None of the sites sampled by the Blue Water Task Force this month are tested by the state Department of Health, which only samples water at certain beaches.
“It’s a completely different set of data. We’re not competing with them,” Berg said. “What we’re doing is saying, ‘Hey, the Department of Health samples these places and Surfrider samples these places.’”
Three of the Feb. 12 sites – namely, Moloa‘a, Hanama‘ulu and Nawiliwili streams — returned high concentrations of Enterococci.
“These streams are chronically polluted, and Surfrider believes that they should be posted by the Department of Health with warning signs,” a press release from the nonprofit reads.
Findings in years past have prompted DOH warning signs at Gillins Beach, Waiopili Stream and Niamalu Beach Park, among other locations, Berg said.
Surfrider claims cesspool leakage into the groundwater is a likely cause of some of the streams’ contamination.

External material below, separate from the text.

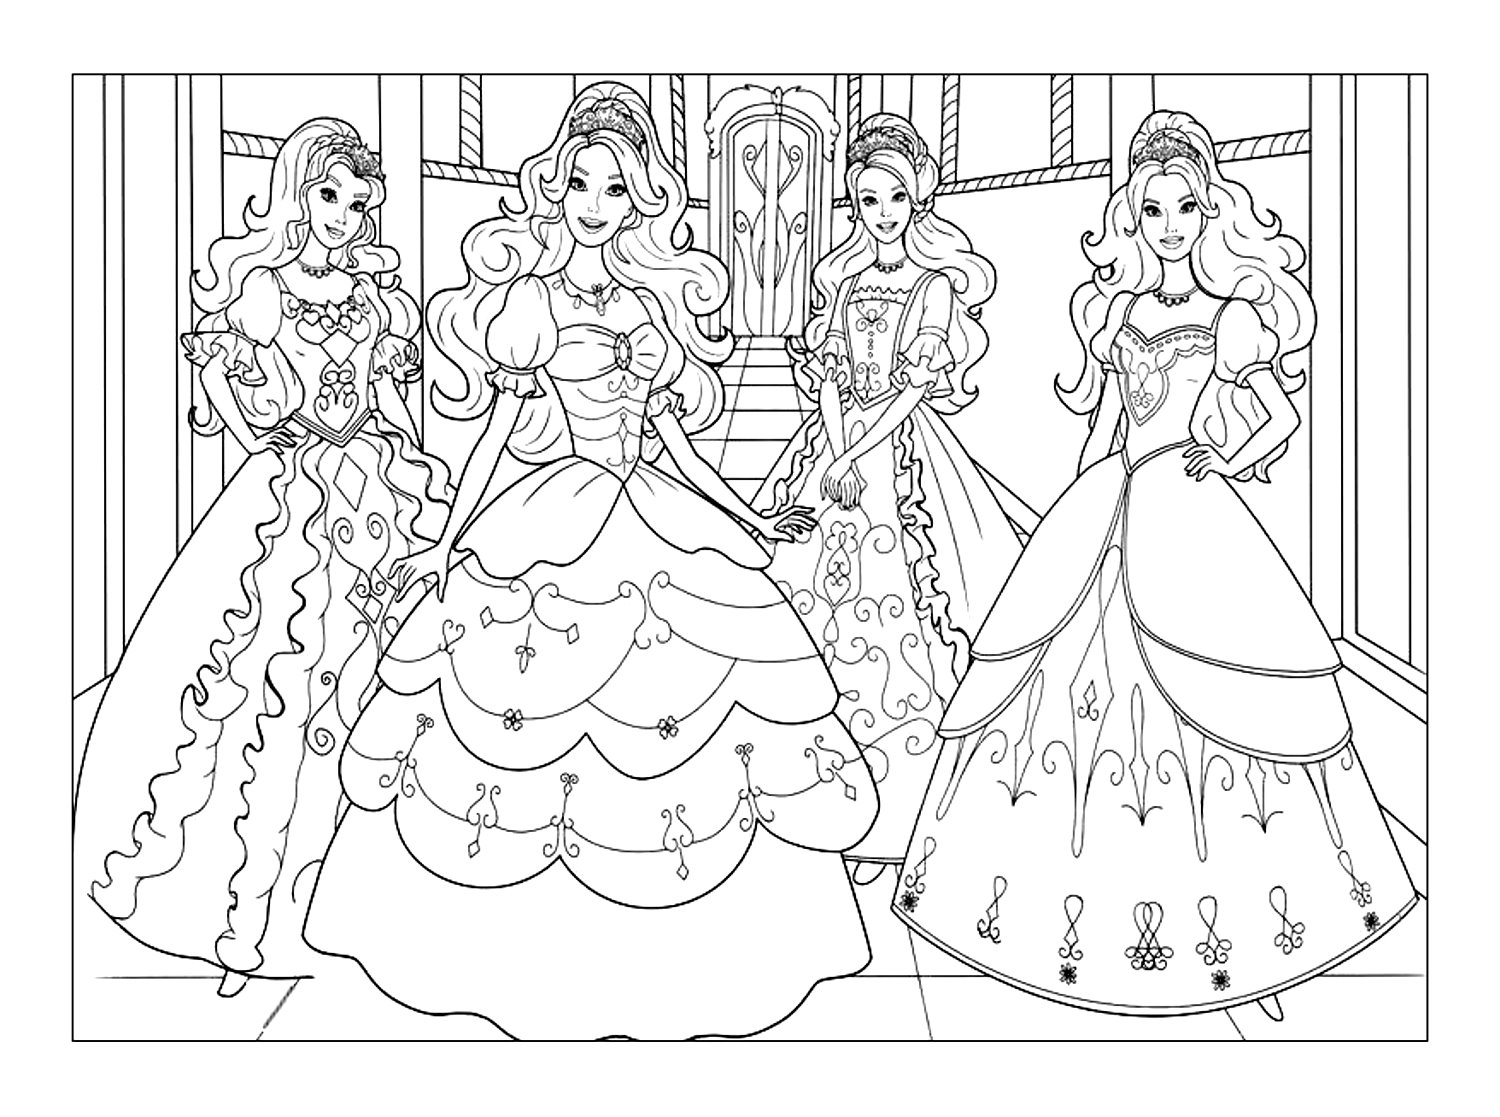 Jolies princesses Barbie. Quatre princesses Barbie vêtues de robes magnifiques. Un coloriage complexe qui vous fera revenir en enfance assurément

The cesspool connection can be made through past Surfrider water tests, which identified quantities of the artificial sweetener and sugar substitute sucralose in 20 streams and four rivers.
“Sucralose only comes from human feces,” Berg said.
Surfrider’s press release also claimed other possibilities, include pig farms using processed human foods as feed, or recycled golf course water.
The selection of the Feb. 12 sampling sites was informed by residents’ input.
“If the community has some places that they would really like us to sample, go to our website, send us an email and we’ll see what we can do,” Berg said.
DOH water-quality data can be found online at health.hawaii.gov/cwb/, under the “Water Quality” heading.
Surfrider water quality data can be found online at kauai.surfrider.org/blue-water-task-force/.